In some embodiments, the server system executes (1520) a virtual application. In some embodiments, determining that the GPU memory portion needs to be reallocated comprises, using the virtual application, predicting when (e.g., and how) a respective texture image needs to be accessible (e.g., loaded in the GPU) to the client device. For example, the server system uses the model generated at the server system without querying the client for its state.
In response to determining that the GPU memory portion of the client device needs to be reallocated, the server system identifies (1522), using the model, one or more texture images that are stored in the GPU memory portion at the client device to evict.
The server system transmits (1524) an instruction, to the client device, to evict the one or more texture images from the GPU memory portion. In some embodiments, the server system continues identifying texture images to evict from the GPU memory portion until enough GPU memory is freed to accommodate the new texture image allocation.
In some embodiments, the server system receives (1526) a representation of a second image asset. For example, the server system receiving a plurality of image assets that are generated by application backend 206 (e.g., to be displayed at the client 203). In some embodiments, the server system updates the model using the representation of the second image asset, including storing a second texture image corresponding to the second image asset in the GPU memory portion of the model. In some embodiments, the model is updated (e.g., in real-time) to reflect a current state of the client device's GPU and CPU memory allocation.
In some embodiments, after transmitting the instruction to the client device to evict a respective texture image of the one or more texture images from the GPU memory portion of the client device, the server system transmits (1528) an instruction to the client device to restore the respective texture image. In some embodiments, the instruction to restore the first texture image is transmitted in accordance with a determination that the first texture image is needed in the near future (e.g., will be used in the next frame, 5 frames, etc.). In this way, texture images are restored when they are needed for use by the GPU, and the GPU memory portion is able to dynamically allocate its memory to store texture images that are needed, and evict texture images that are not needed. If the GPU needs an texture image that is not currently stored in the GPU, then the client device needs to restore the texture image.
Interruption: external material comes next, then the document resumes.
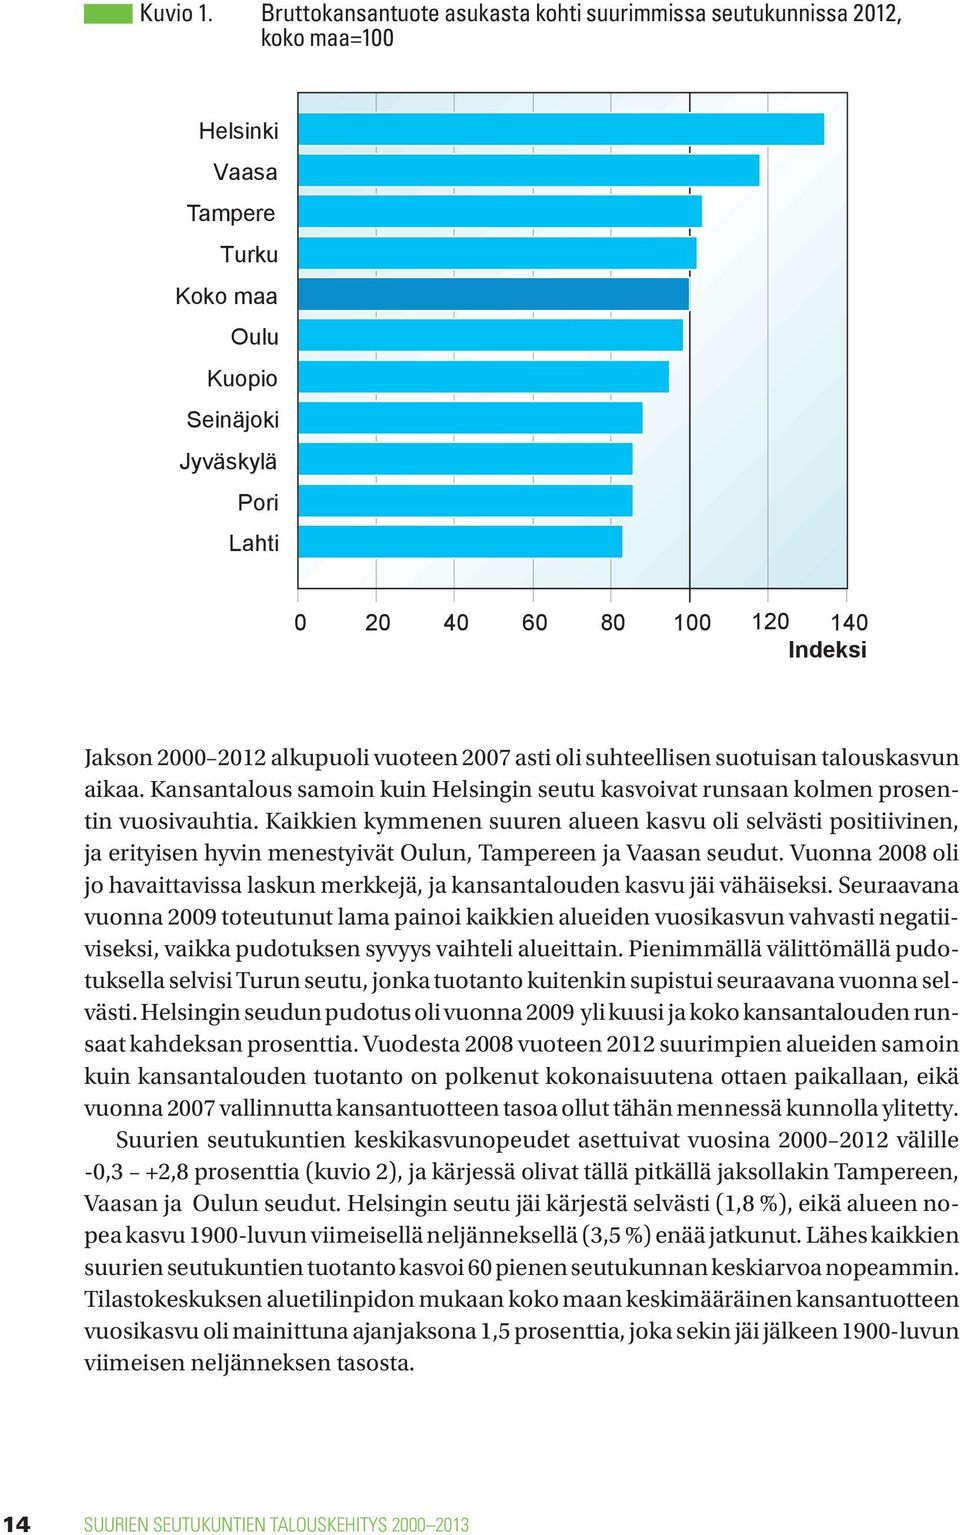 2000 2012 alkupuoli vuoteen 2007 asti oli suhteellisen suotuisan talouskasvun aikaa. Kansantalous samoin kuin Helsingin seutu kasvoivat runsaan kolmen prosentin vuosivauhtia.

In some embodiments, the server system determines (1530) whether the client device can restore the respective texture image (e.g., that the client device has stored the respective texture image or a compressed version of the respective texture image (e.g., as a respective compressed texture image) to restore the respective texture image). In some embodiments, determining whether the client device can restore the respective texture image comprises determining whether the texture image has been modified on the GPU, as illustrated in
In some embodiments, the server system determines (1532) whether the client device can restore the respective texture image. In accordance with a determination that the client device cannot restore the respective texture image, the server system transmits an instruction to download the respective texture image from the GPU memory portion of the client device and store it as the respective texture image in the CPU memory portion of the client device.
In some embodiments, the instruction to download the respective texture image from the GPU memory portion of the client device to the CPU memory portion of the client device further includes (1534) an instruction for, after downloading the respective texture image, removing the respective texture image from the GPU memory.
In some embodiments, the server system transmits an instruction to the client device for, after downloading the respective texture image to the CPU memory portion, compressing the respective texture image into a compressed version of the respective texture image, wherein the CPU memory portion stores the compressed version of the respective texture image (e.g., and the client device, in response to the instruction, compresses the respective texture image).
In some embodiments, transmitting an instruction to the client device to re-upload the respective texture image stored in the CPU memory portion of the client device to the GPU memory portion of the client device, wherein the compressed version of the respective texture image is uploaded to the GPU memory portion of the client device.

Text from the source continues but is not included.